Towards More Robust Person Re-identification for Smart Surveillance

NATIONAL ENGINEERING RESEARCH CENTER OF VISUAL TECHNOLOGY

Abstract
In this talk, I will introduce three of our latest CVPR'18 papers on person re-identification. Similarity learning is vital for person re-identification. Benefited from deep neural networks (DNN), current approaches can learn accurate similarity metrics and robust feature embeddings. However, most of them impose only local constraints for supervision. In the first part of my talk, I will introduce incorporating constraints on large image groups for similarity learning by combining the CRFs with deep neural networks. The proposed method aims to learn more robust visual similarity metrics for image pairs while taking into account the dependencies from all the images in the group. Extensive experiments demonstrate the effectiveness of our model that combines DNN and CRF for learning robust multi-scale local similarities. In the second part of my talk, I will introduce integrating a feature matching process into end-to-end learnable deep networks for handling person pose and view angle variations. Our proposed approach exploits Kronecker Product Matching to match corresponding features and conducts soft warping to align feature maps. The proposed approach outperforms state-of-the-art methods on public datasets. In the last part of my talk, I will introduce the background-bias problem in existing person re-ID datasets and algorithms.

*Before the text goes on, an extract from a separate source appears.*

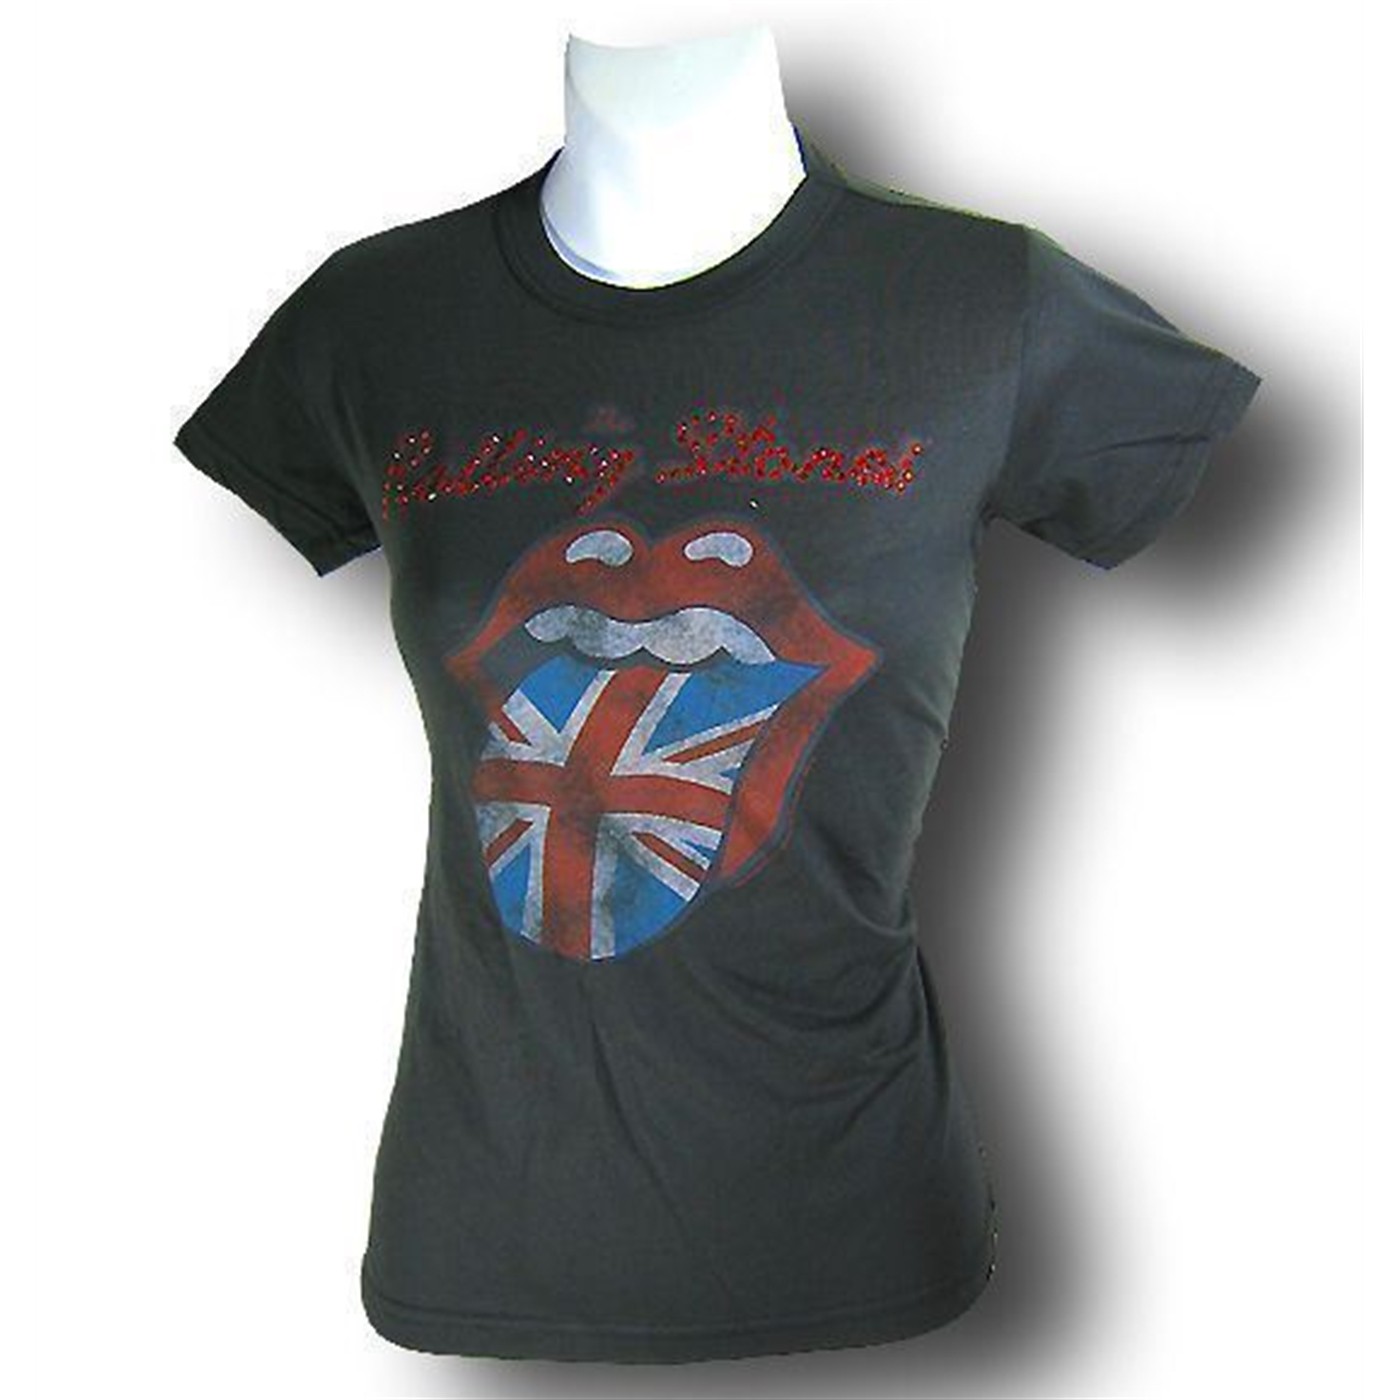 Rolling Stones Juniors Jeweled Concert T-Shirt
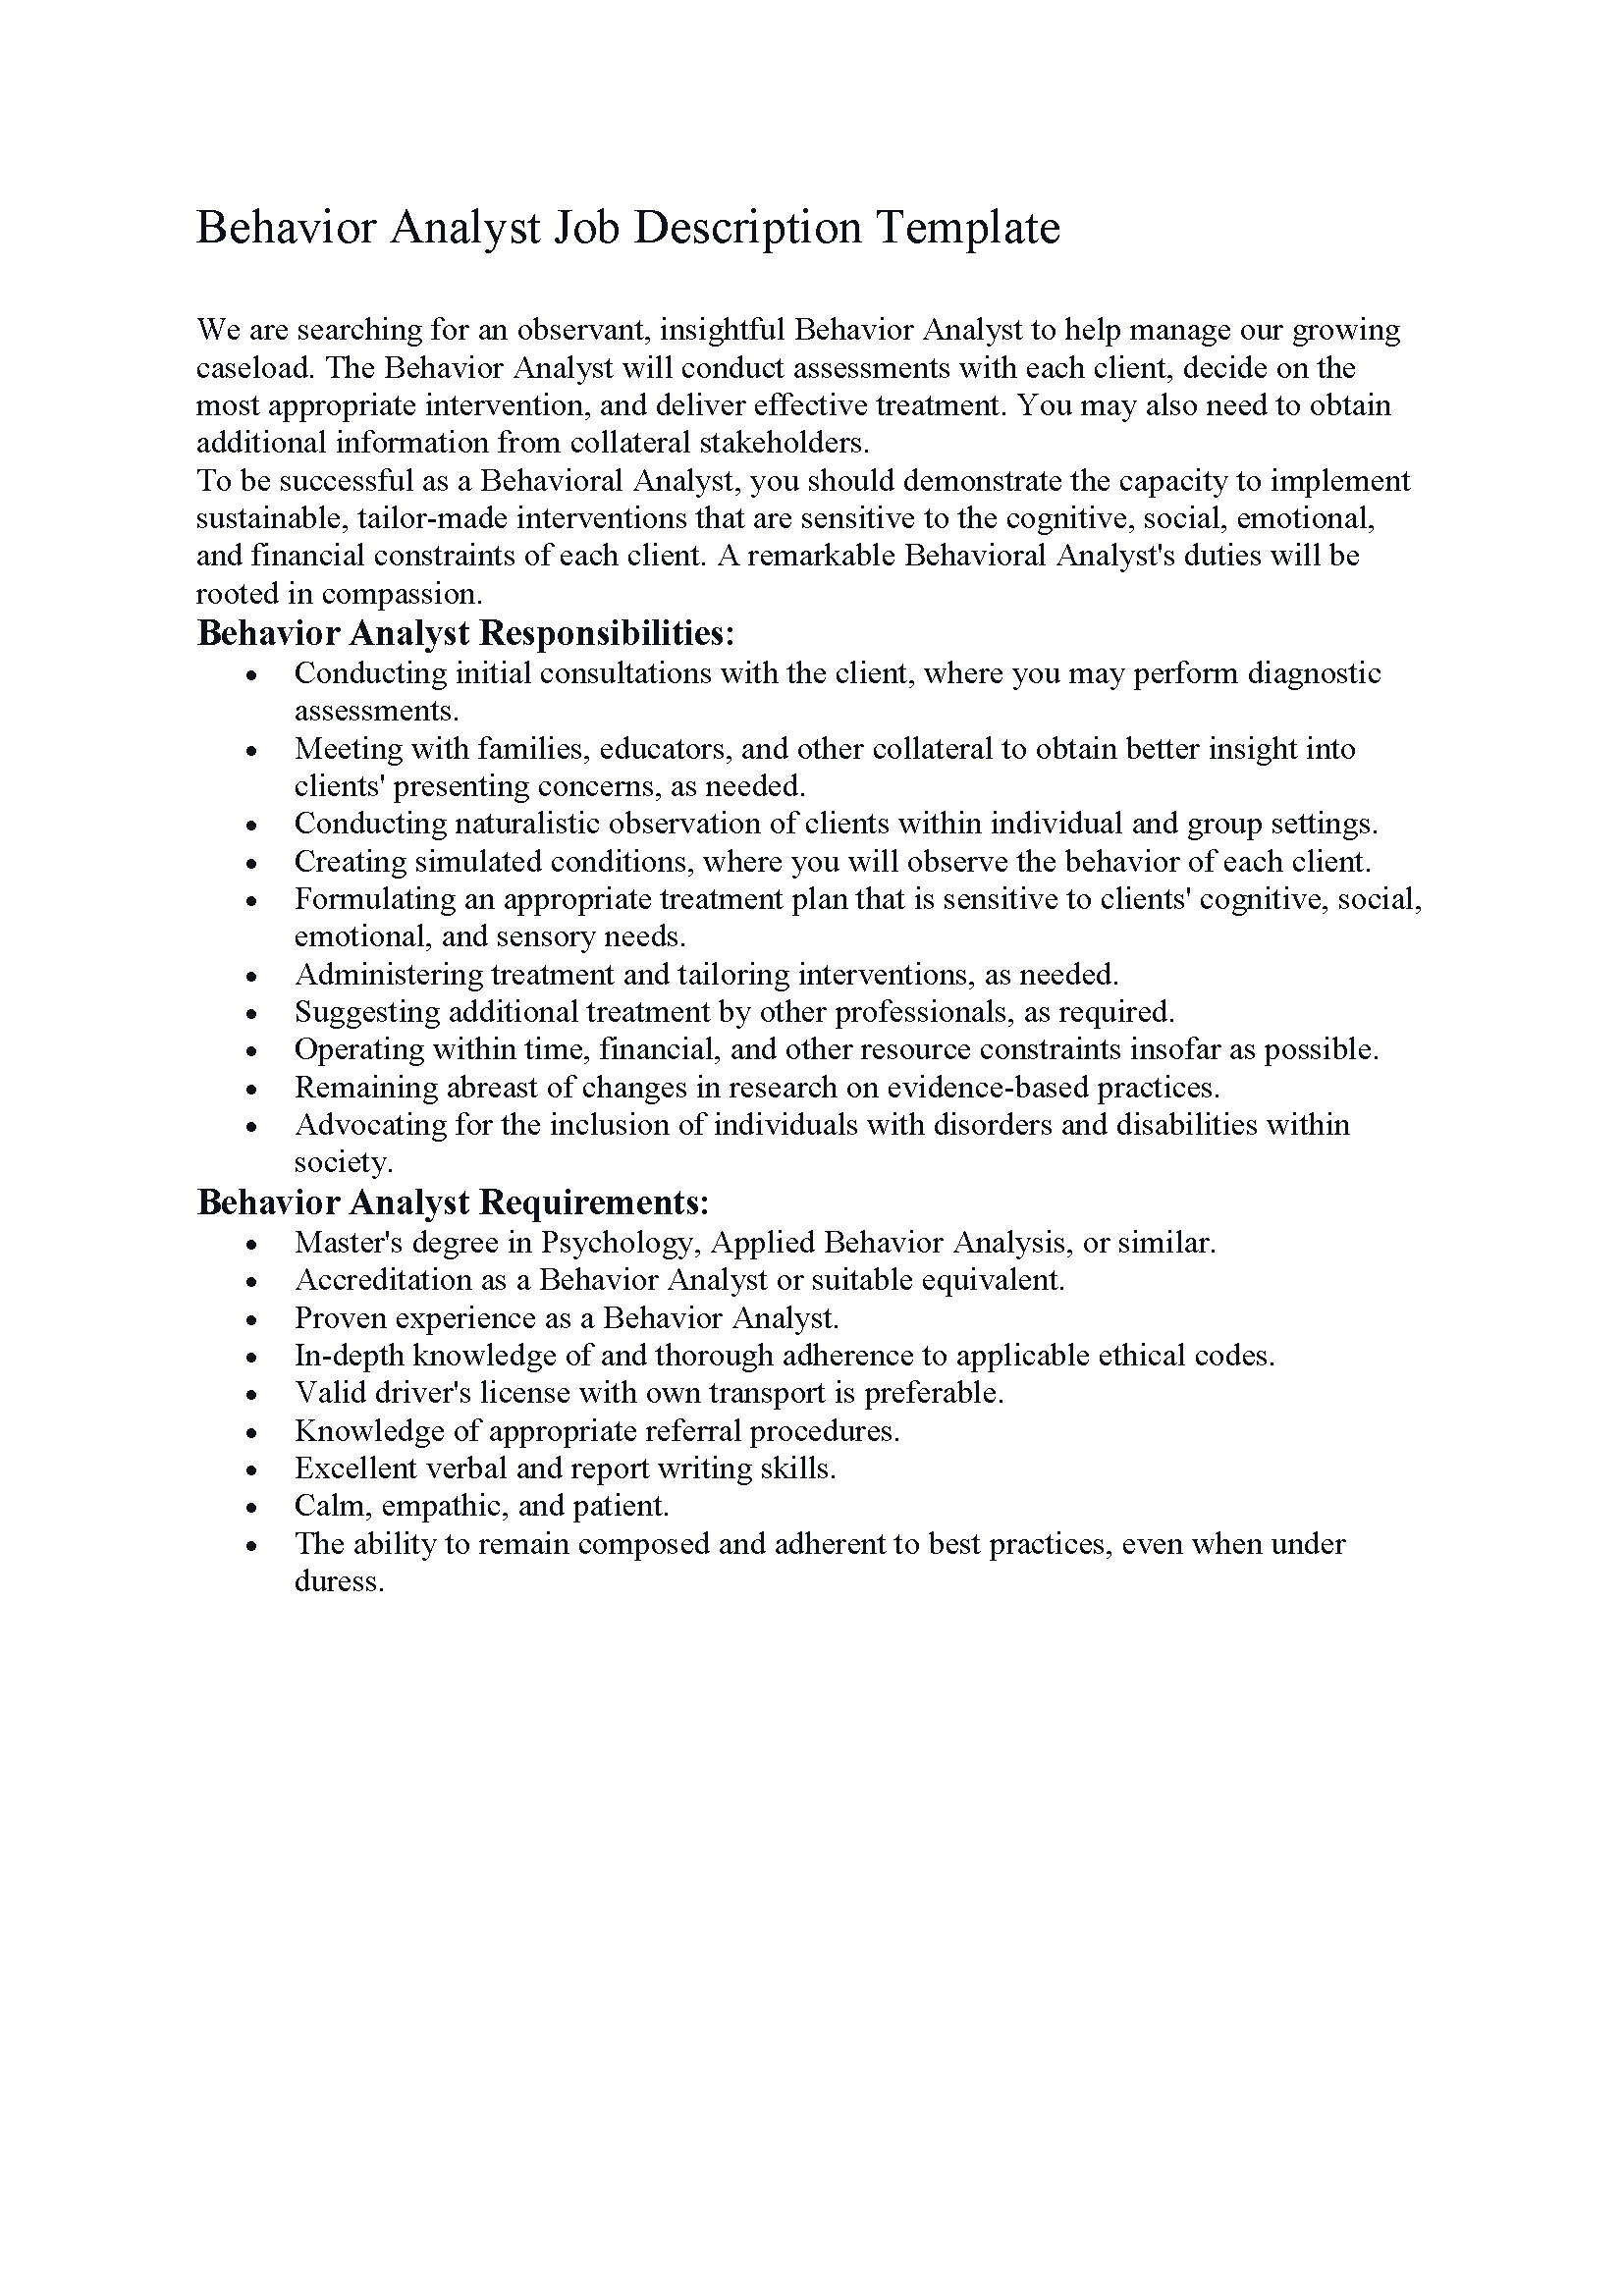 Behavior Analyst Job Description Template

Existing deep learning models are biased to capture too much relevance between background appearances of person images. We identify this problem and proposed an online-background augmentation scheme and a person-region guided pooling deep neural network to solve this problem. Experiments demonstrate the robustness and effectiveness of our proposed algorithm.
 
Hongsheng Li will be an assistant professor in the Department of Electronic Engineering at the Chinese University of Hong Kong. He is currently a research assistant professor in the same lab. He received the bachelors degree in Automation from East China University of Science and Technology in 2006, and the doctorate degree in Computer Science from Lehigh University, United States in 2012. From 2013-2015, he was an associate professor in the School of Electronic Engineering at University of Electronic Science and Technology of China. He has published over 30 papers in top computer vision conferences, CVPR/ICCV/ECCV. He won the first place in Object Detection from Videos (VID) track of ImageNet challenge 2016 as the team leader and 2015 as a team co-leader. His research interests include computer vision, machine learning, and medical image analysis.